239話 疑似結婚式 その1

 翌日、日曜日。


 お昼過ぎ、太陽がちょうど真上を通り過ぎる頃。

 俺はルーシーとの思い出の場所——あの公園に来ていた。


 昨日、あの後。

 ずっとルーシーの家にいてもしょうがないので、すぐに家に帰宅した。

 勉強やギターの練習にも励んだ後の夜、ルーシーからメッセージが届いた。


 それは直接話をしたいという内容だった。

 もちろんルーシーの為に時間をとった。ちょうど翌日が日曜日だったこともあり、すぐに会うことに。

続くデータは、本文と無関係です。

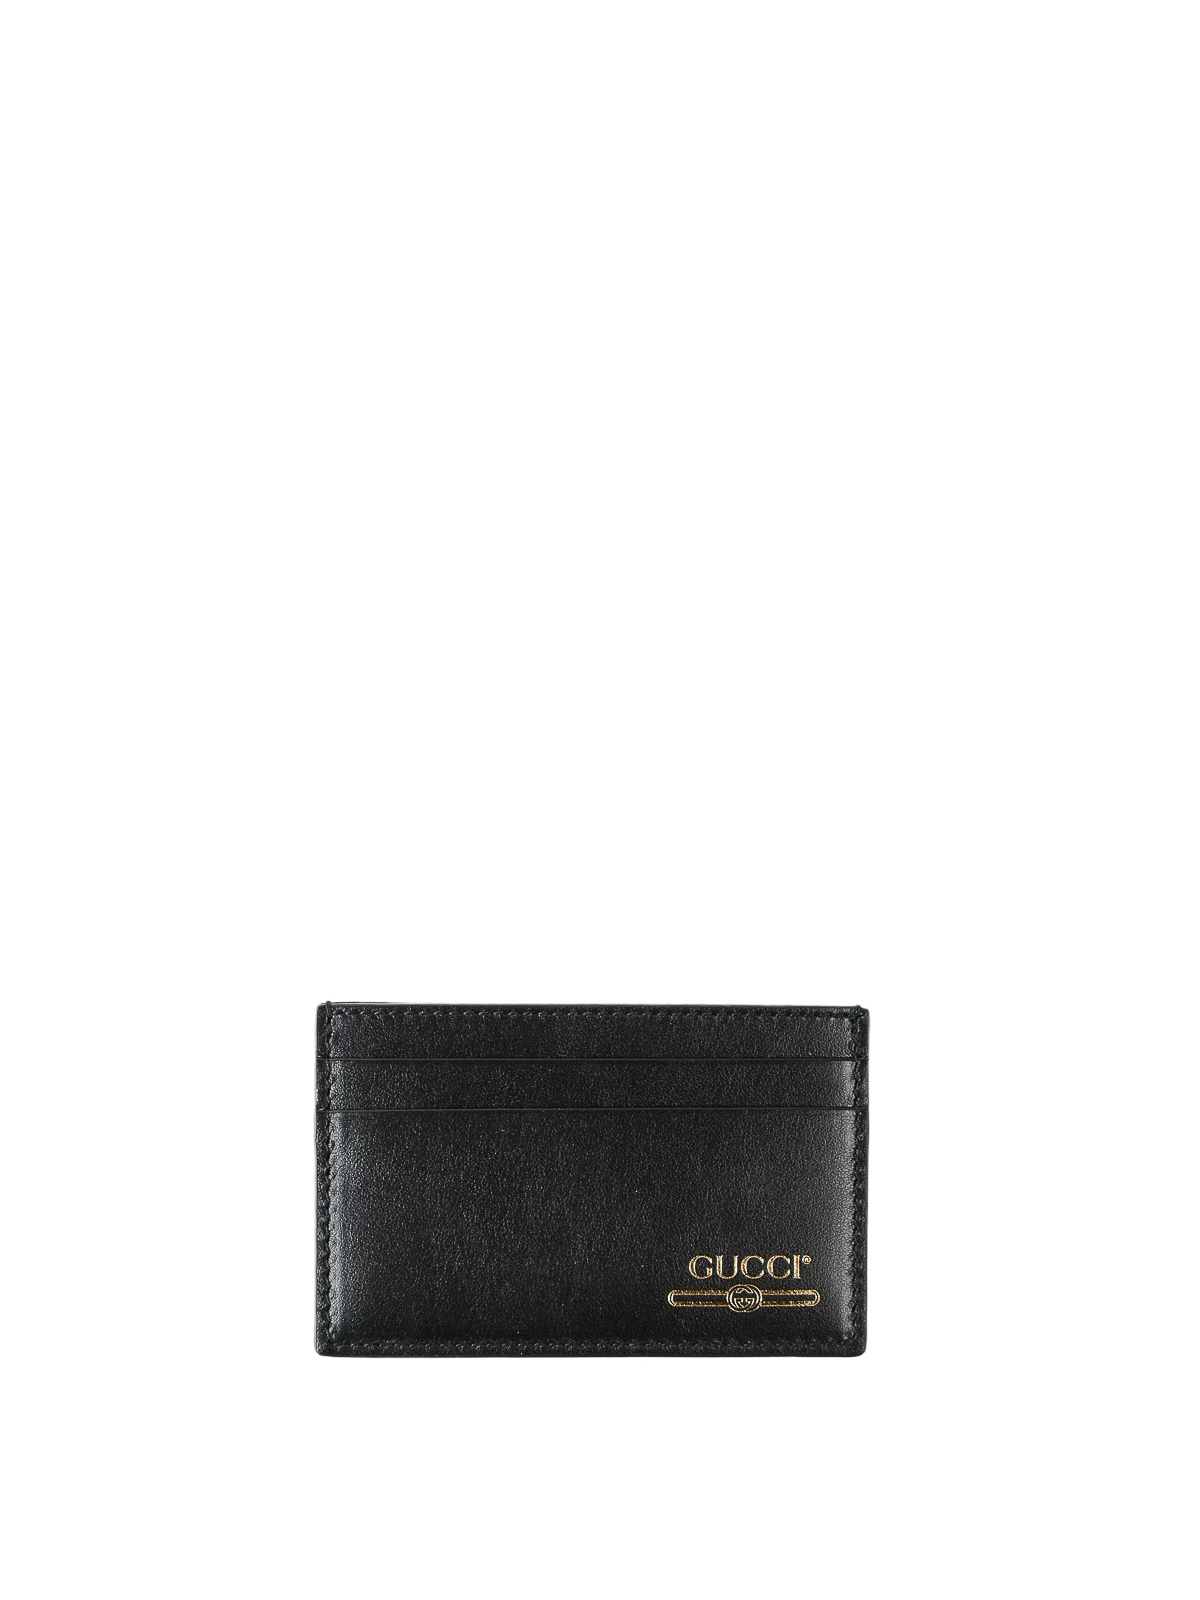 97f5d8da4428 Gucci - Gucci vintage logo print card case - wallets & purses ...

 わかっていた。その話の内容がルーシーのおばあちゃんに関わる内容だと。

 そして、もしおばあちゃんが長くないのであれば、すぐにでも会わなければいけないということも。




 ◇ ◇ ◇




 ギコギコとブランコを一人で揺らす。

 この場所はルーシーよりもまだ少年だった頃のアーサーさんとの思い出のあるエリア。


 ドーム型遊具の中で話すのも良いとは思ったのだが、せっかくの天気。

 暗い場所で話すこともないと思い、俺ははじめからこのブランコで待っていた。



「——光流! お待たせ」



 公園の入口近くに停められた黒い車。

 そこから降りてきたルーシーが、こちらに手を振ってやってきた。


 いつだって天使のルーシー。

 思ったよりその表情には悲壮感がなくて、どちらかと言えば、緊張感の方が伝わってくる表情だった。


「今日は、ここなんだね」

「うん。なんとなく、ね」


 ルーシーが俺の隣のブランコに腰を下ろす。

 ブランコからは少し遠目に数人の子供たちに加え、その母親たちが集まっている様子が見えた。

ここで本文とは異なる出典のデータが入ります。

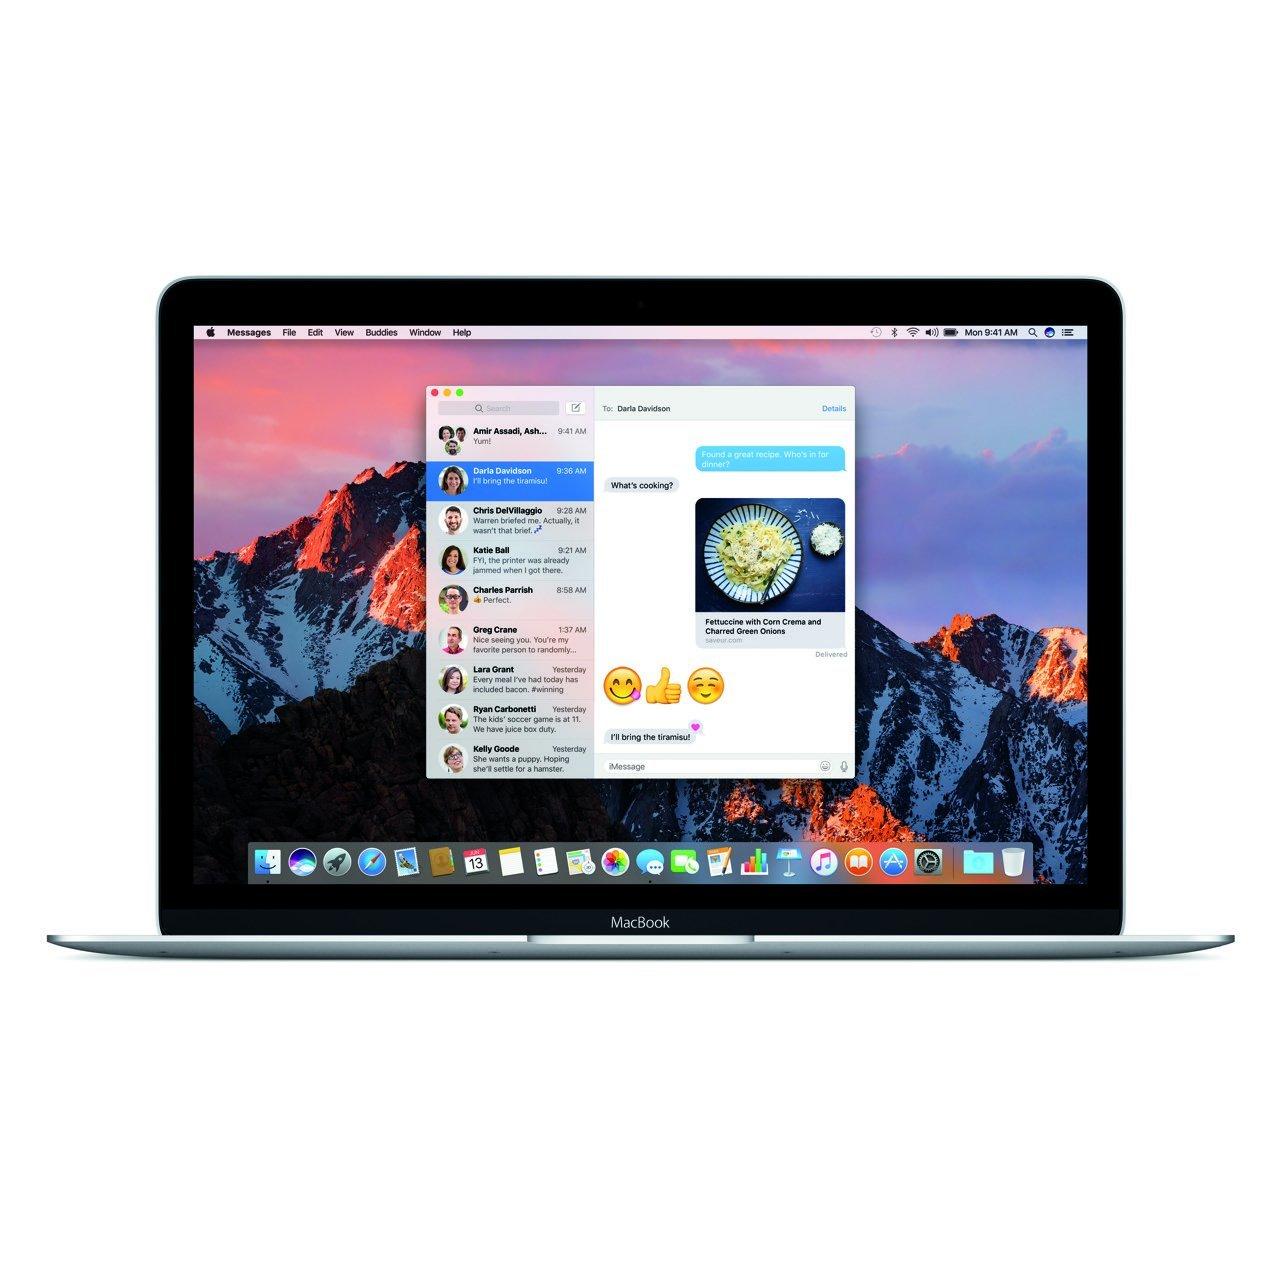 macOS Sierra Nachrichten-App (MacBook) - Apple

 俺が適当にギコギコしていると、ルーシーもギコギコとブランコを動かしだす。

 ただ、ルーシーは乗り慣れていないのか、動きがかなりゆっくりだった。


「その、ええと……天気、良いよね」


 うまく言葉が出なかった。

 昨日は大丈夫だった? なんて、大丈夫なわけがないんだから、そんなこと言えるわけもなかった。

 かと言って、なんて聞けば良いのかもわからず、結局天気の話をするという愚行をしてしまった。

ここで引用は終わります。